**YOUR INSTRUCTIONS:** Everything in the data below except the pictures must be repeated word for word.

**SUPPLIED INFORMATION:**
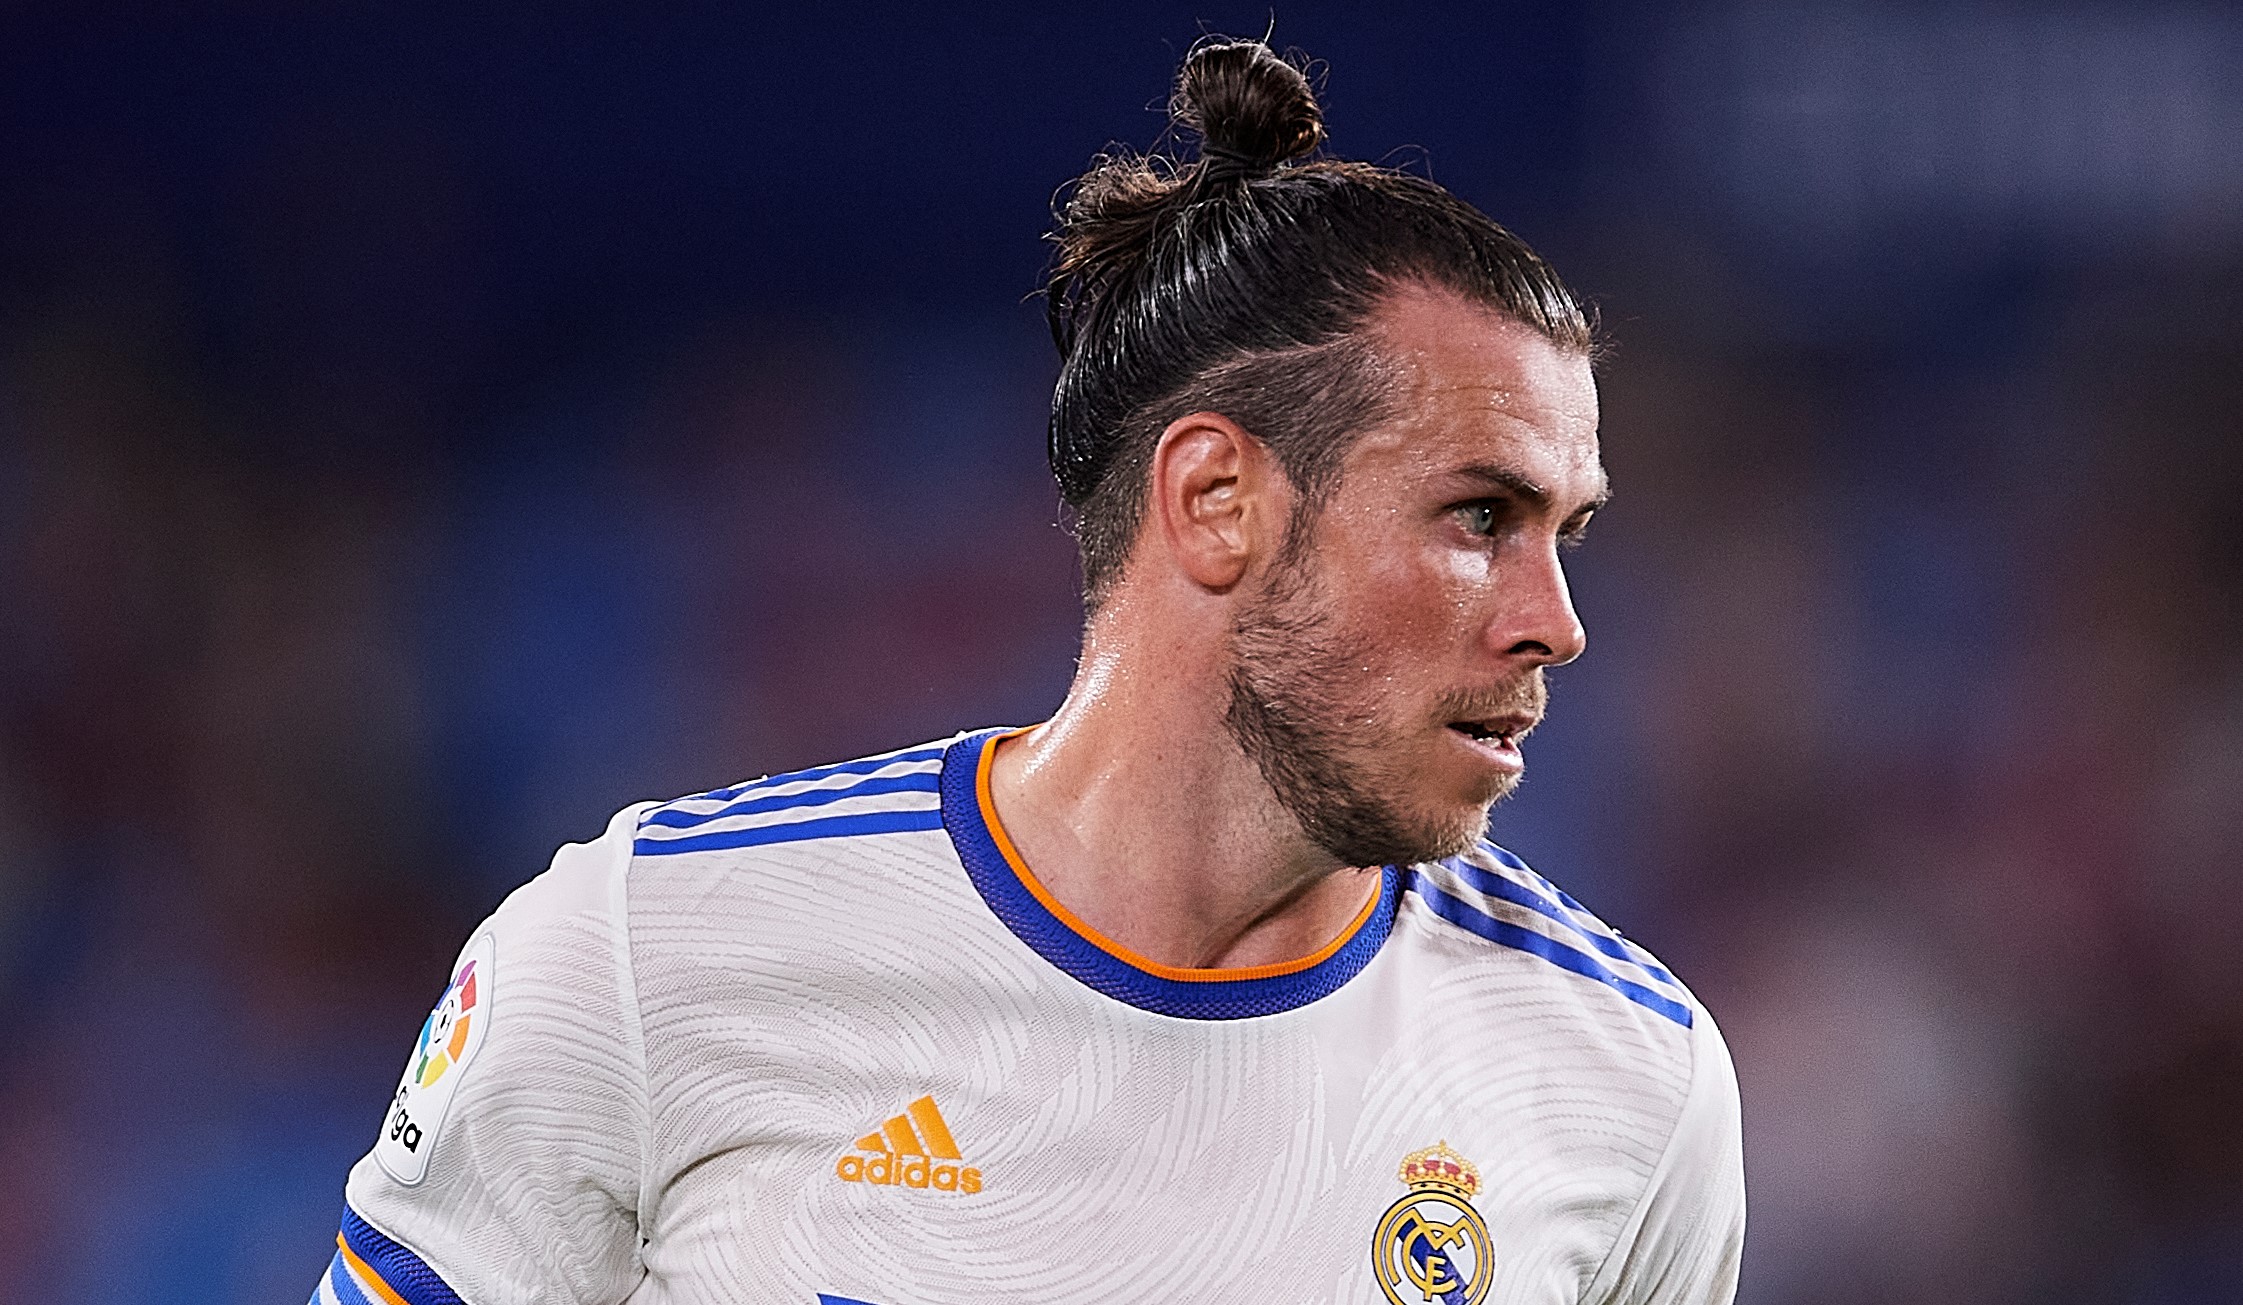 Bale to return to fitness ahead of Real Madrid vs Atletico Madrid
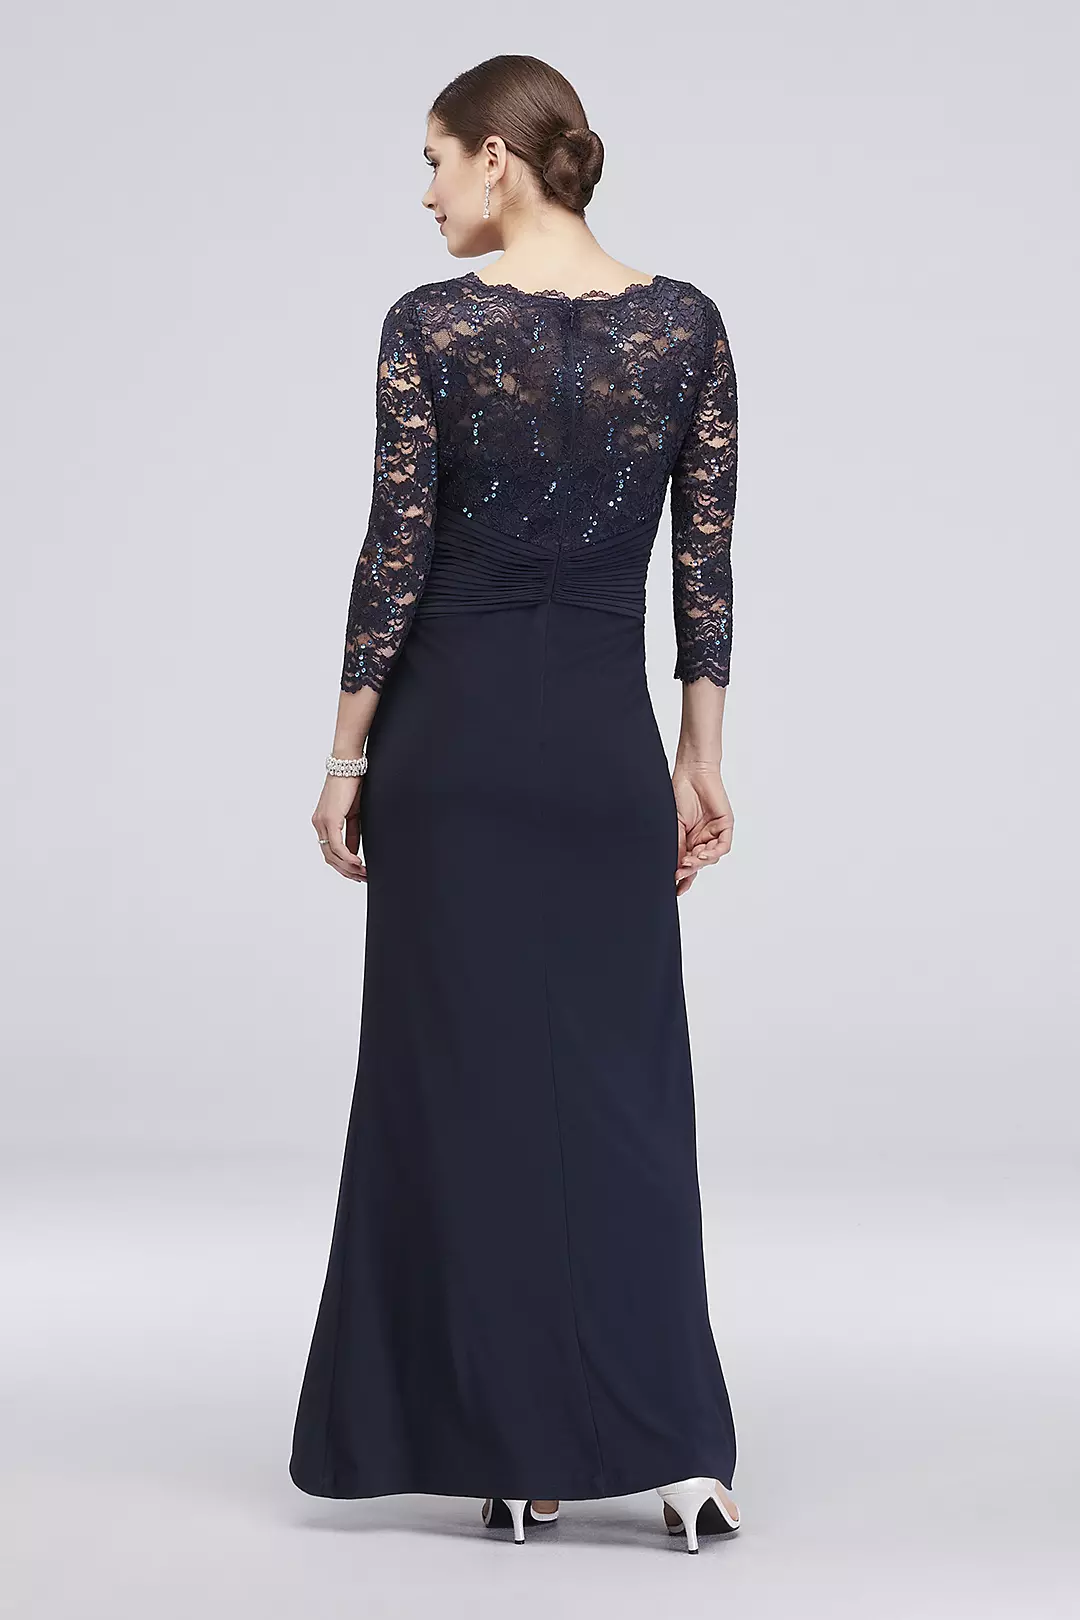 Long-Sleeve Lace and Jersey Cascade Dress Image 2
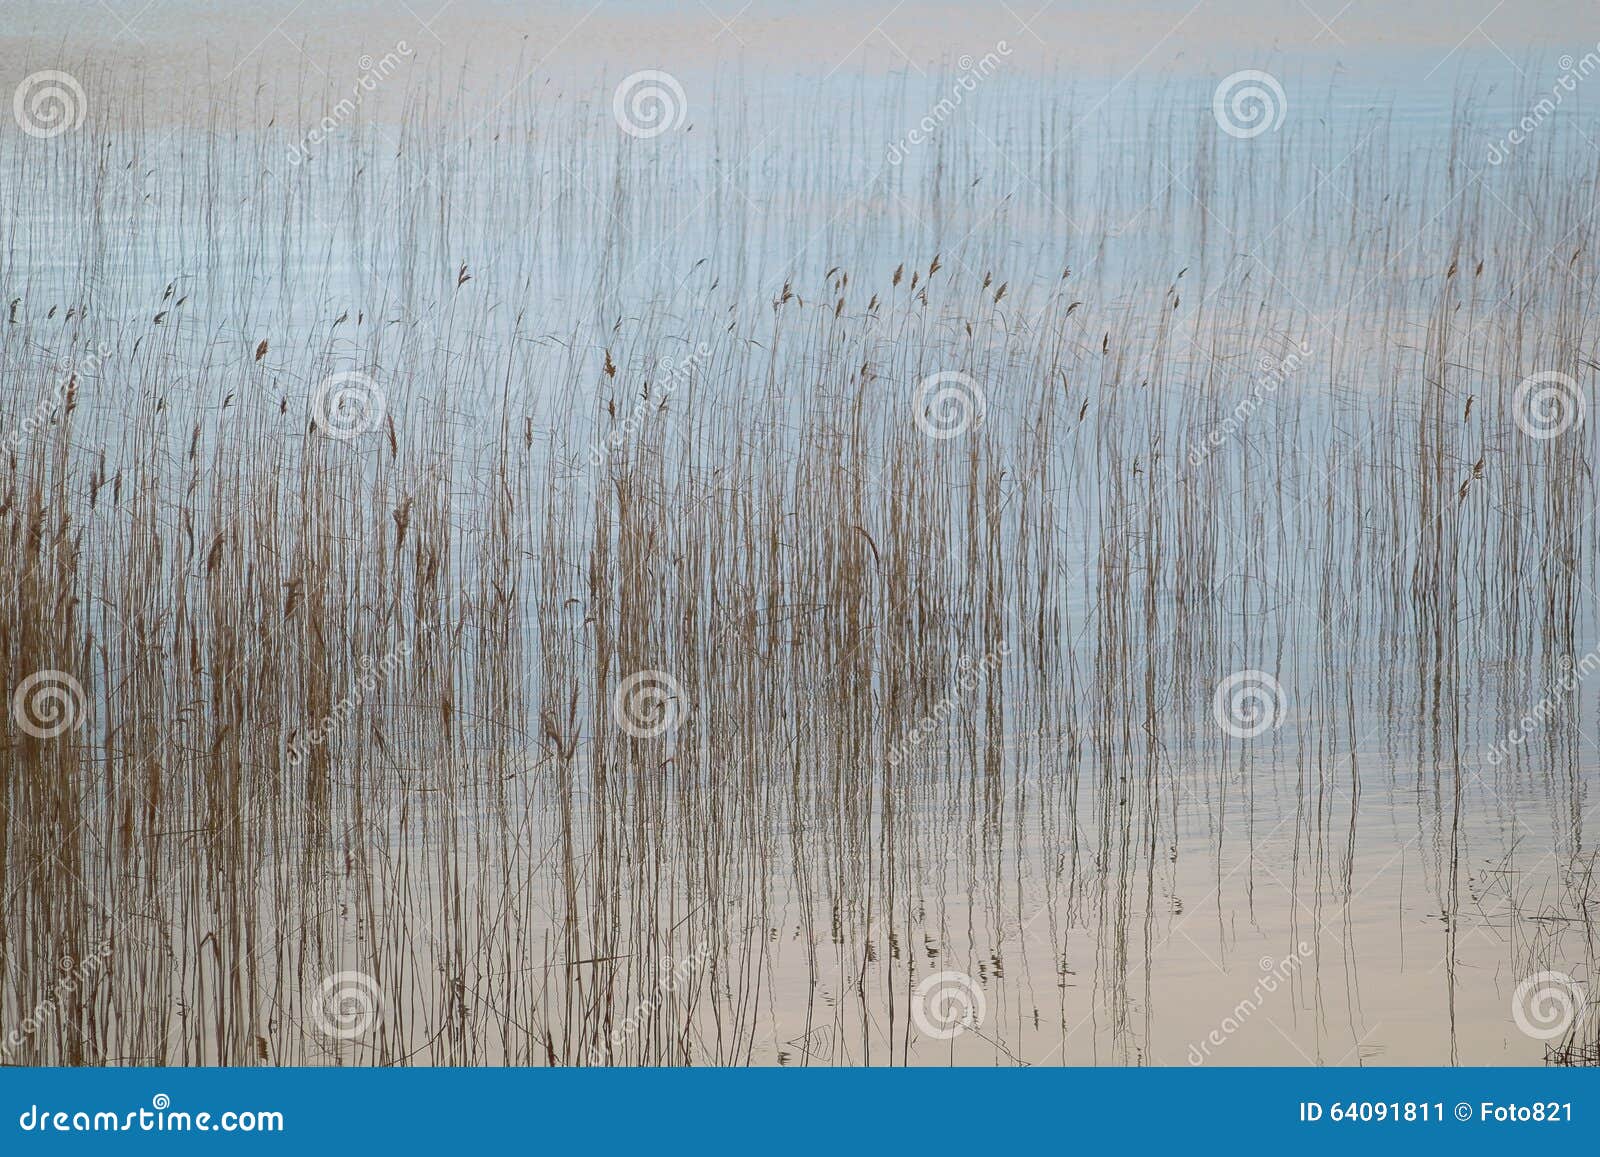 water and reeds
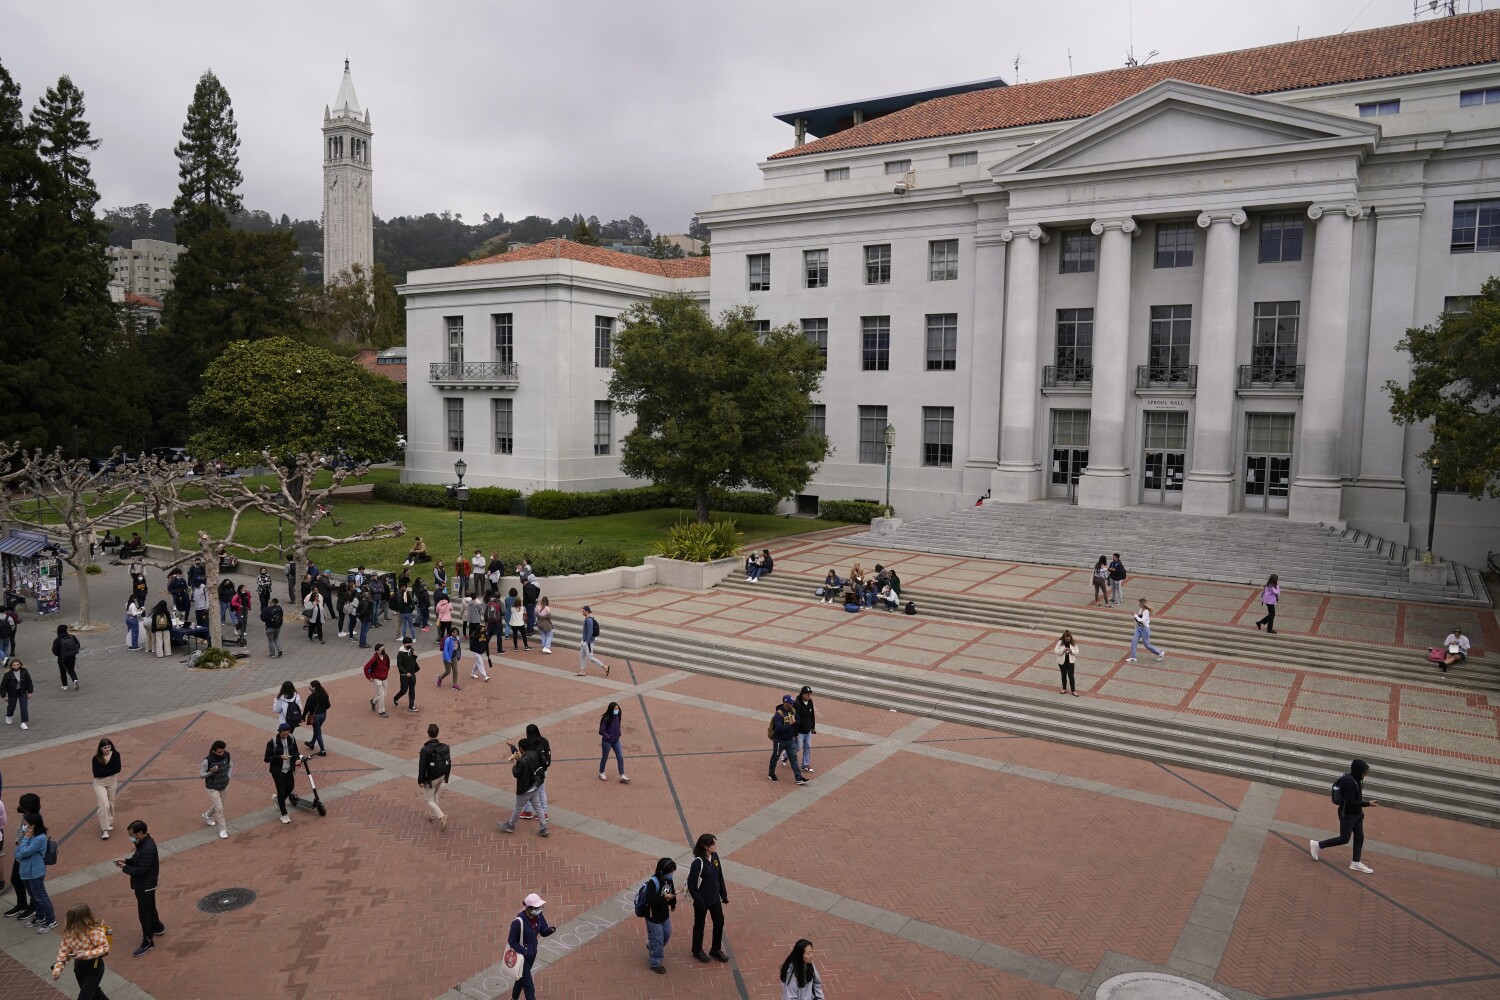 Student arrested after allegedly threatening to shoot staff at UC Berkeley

**RESPONSE TO THIS EXERCISE:**
 Bale to return to fitness ahead of Real Madrid vs Atletico Madrid
 Long-Sleeve Lace and Jersey Cascade Dress Image 2
 water and reeds
 Student arrested after allegedly threatening to shoot staff at UC Berkeley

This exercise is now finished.